▶ _Problem to solve_
Each word in the data below should be copied exactly; the images should not.

▶ _Data section_
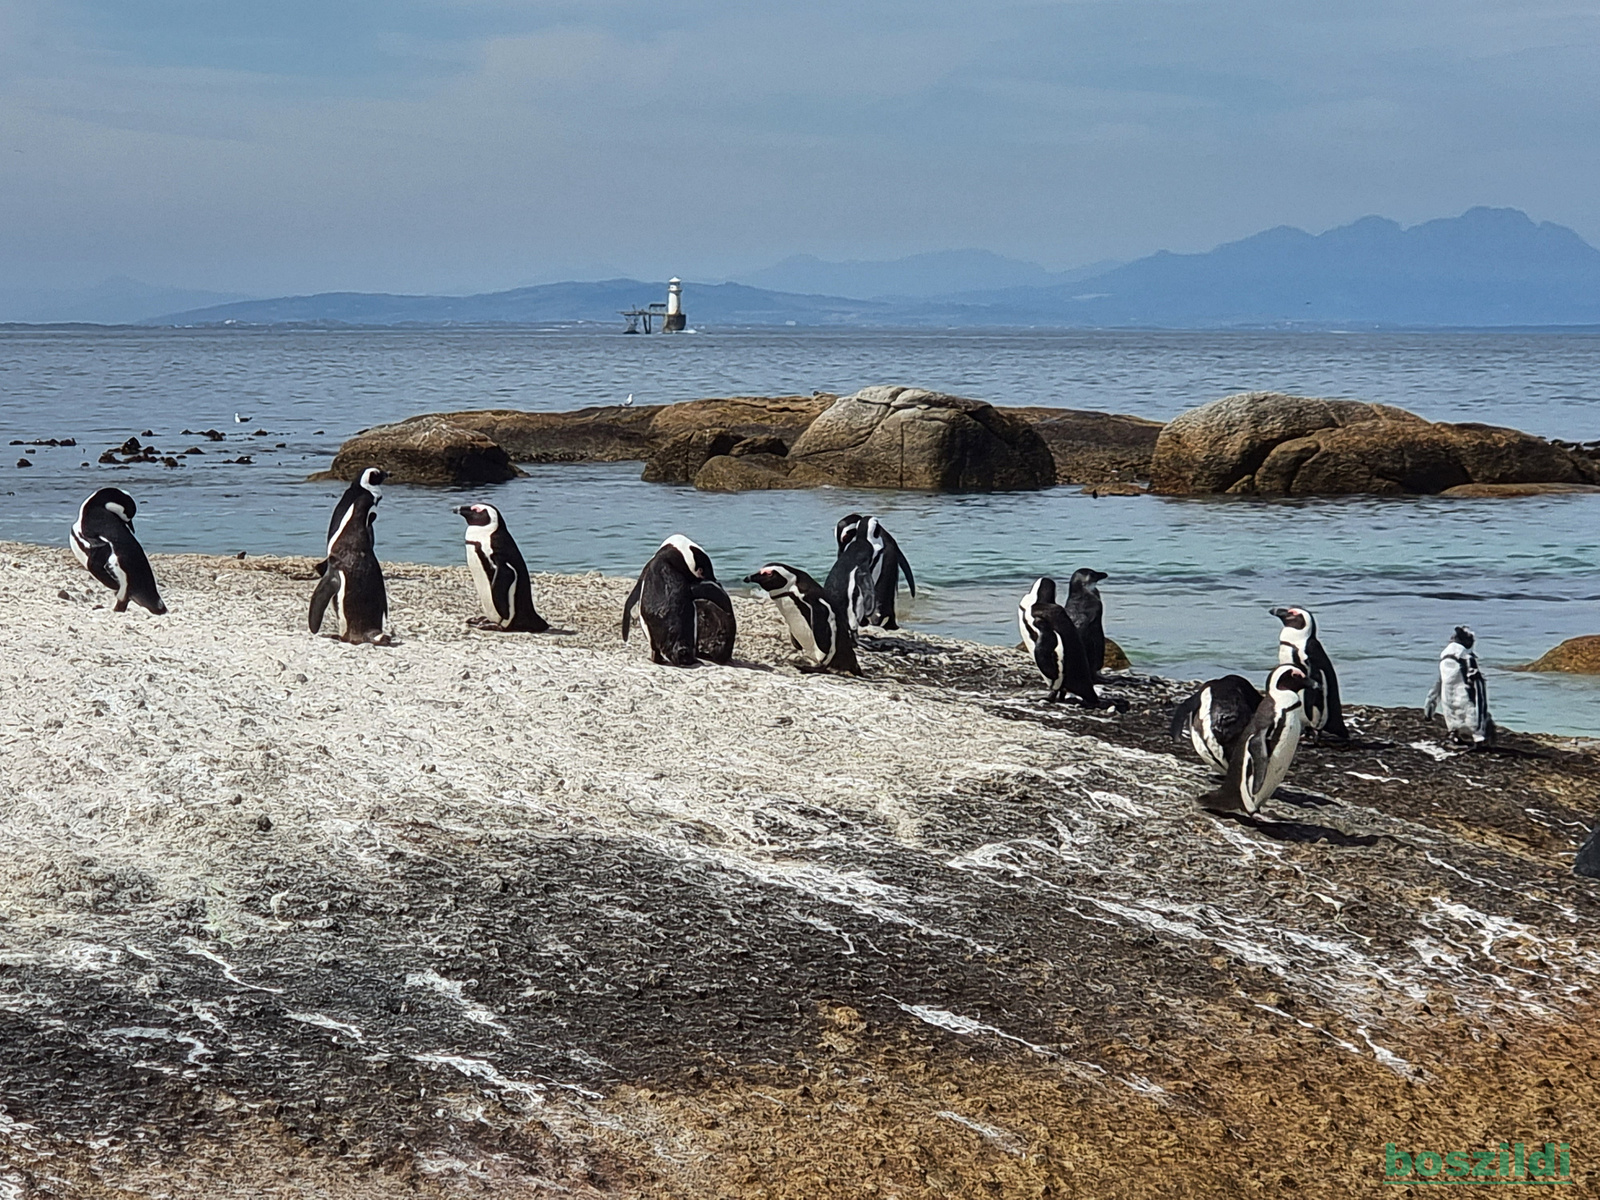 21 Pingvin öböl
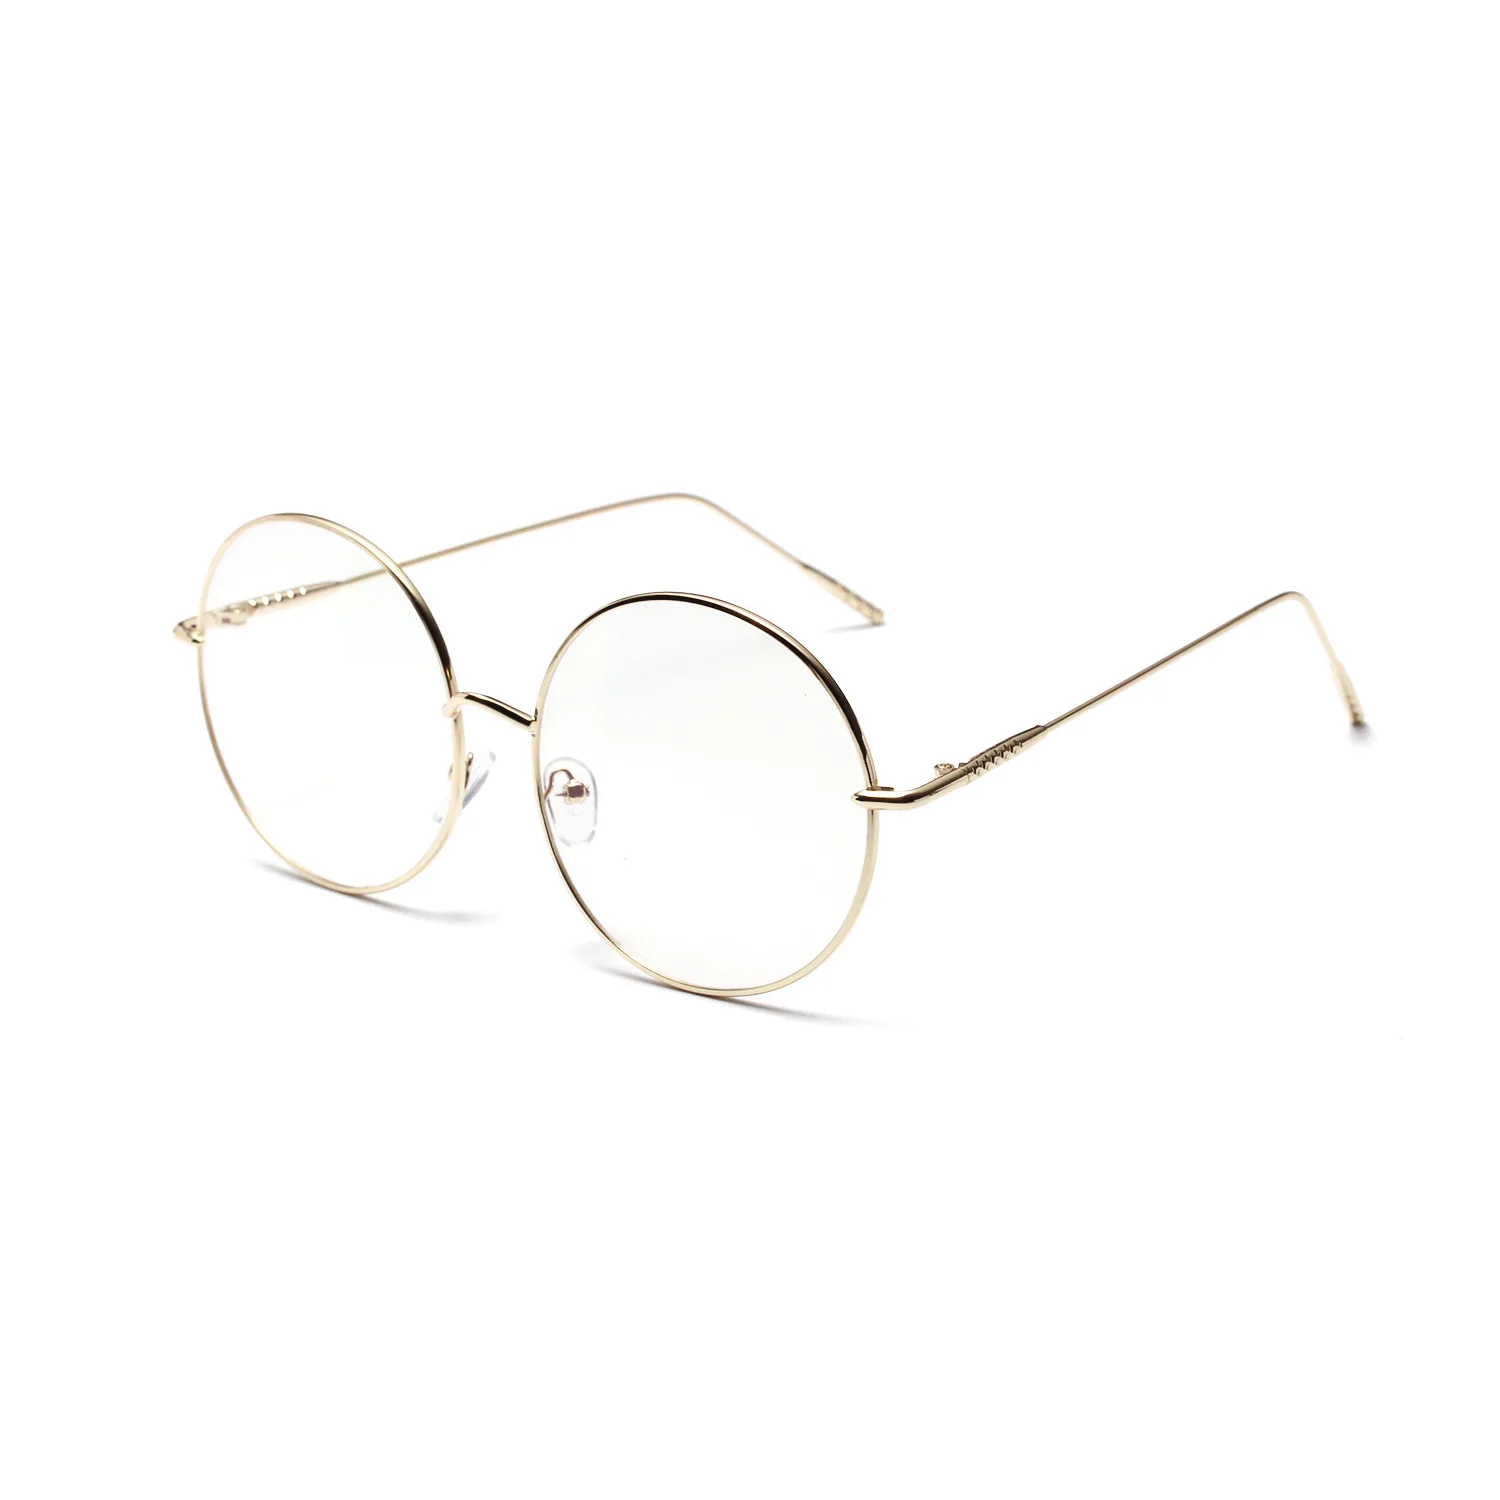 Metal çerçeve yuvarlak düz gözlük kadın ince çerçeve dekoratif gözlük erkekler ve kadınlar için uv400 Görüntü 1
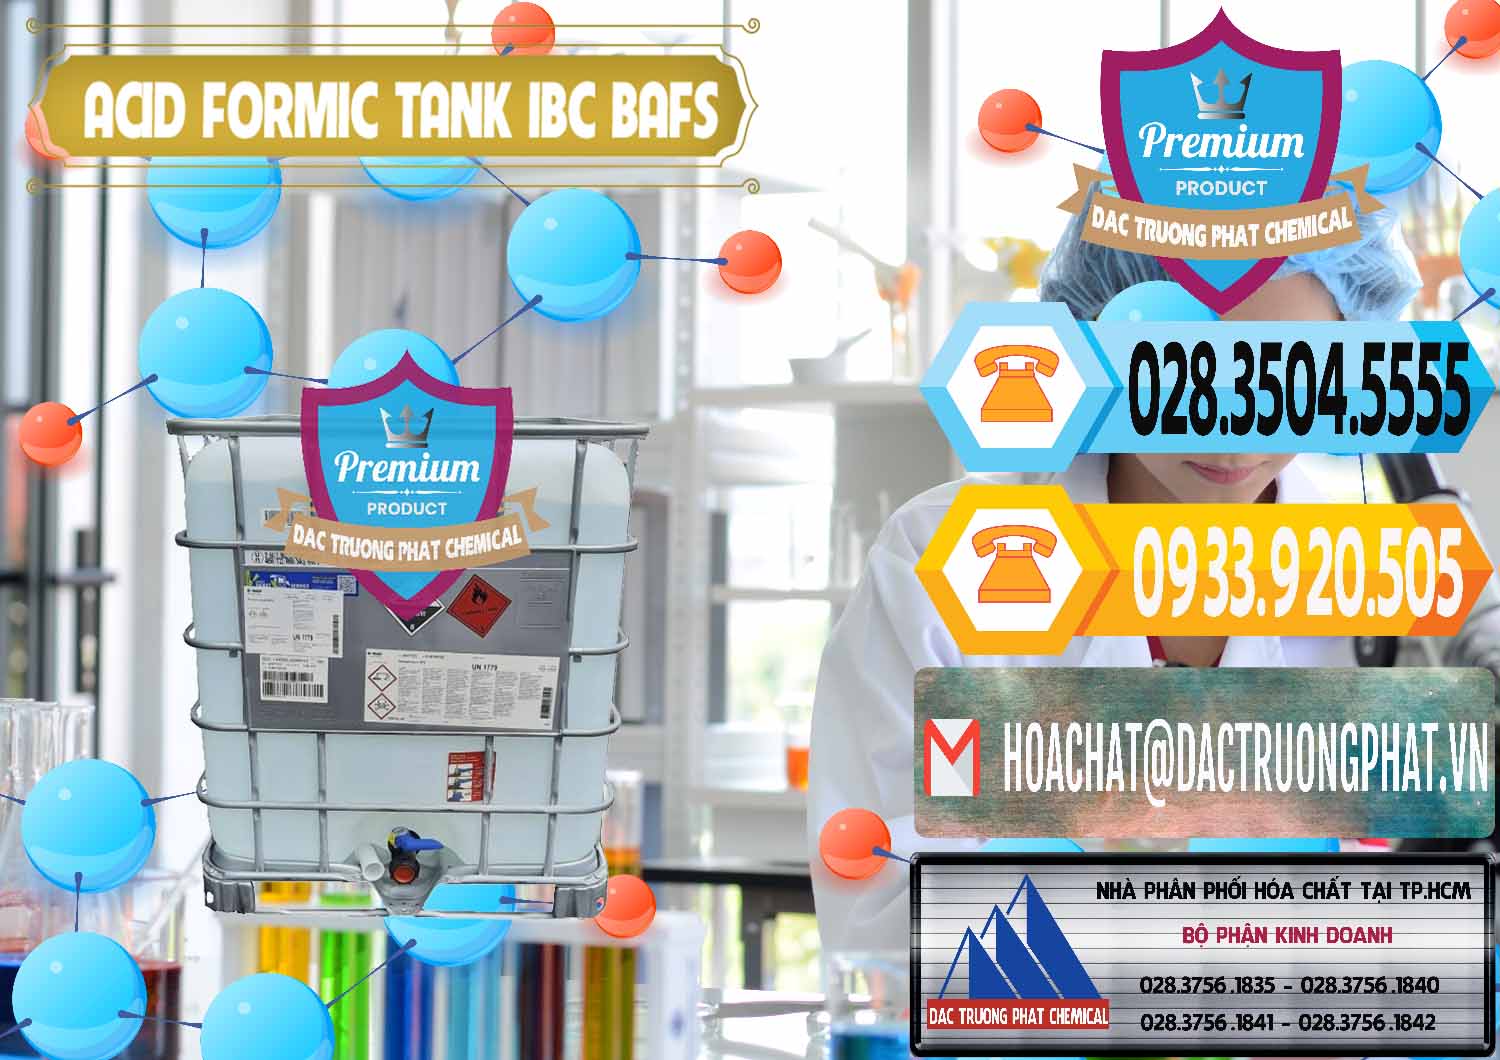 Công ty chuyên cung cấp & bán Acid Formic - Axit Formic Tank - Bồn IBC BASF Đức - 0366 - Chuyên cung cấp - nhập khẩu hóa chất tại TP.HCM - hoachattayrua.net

▶ _Written reply_
 21 Pingvin öböl
 Metal çerçeve yuvarlak düz gözlük kadın ince çerçeve dekoratif gözlük erkekler ve kadınlar için uv400 Görüntü 1
 Công ty chuyên cung cấp & bán Acid Formic - Axit Formic Tank - Bồn IBC BASF Đức - 0366 - Chuyên cung cấp - nhập khẩu hóa chất tại TP.HCM - hoachattayrua.net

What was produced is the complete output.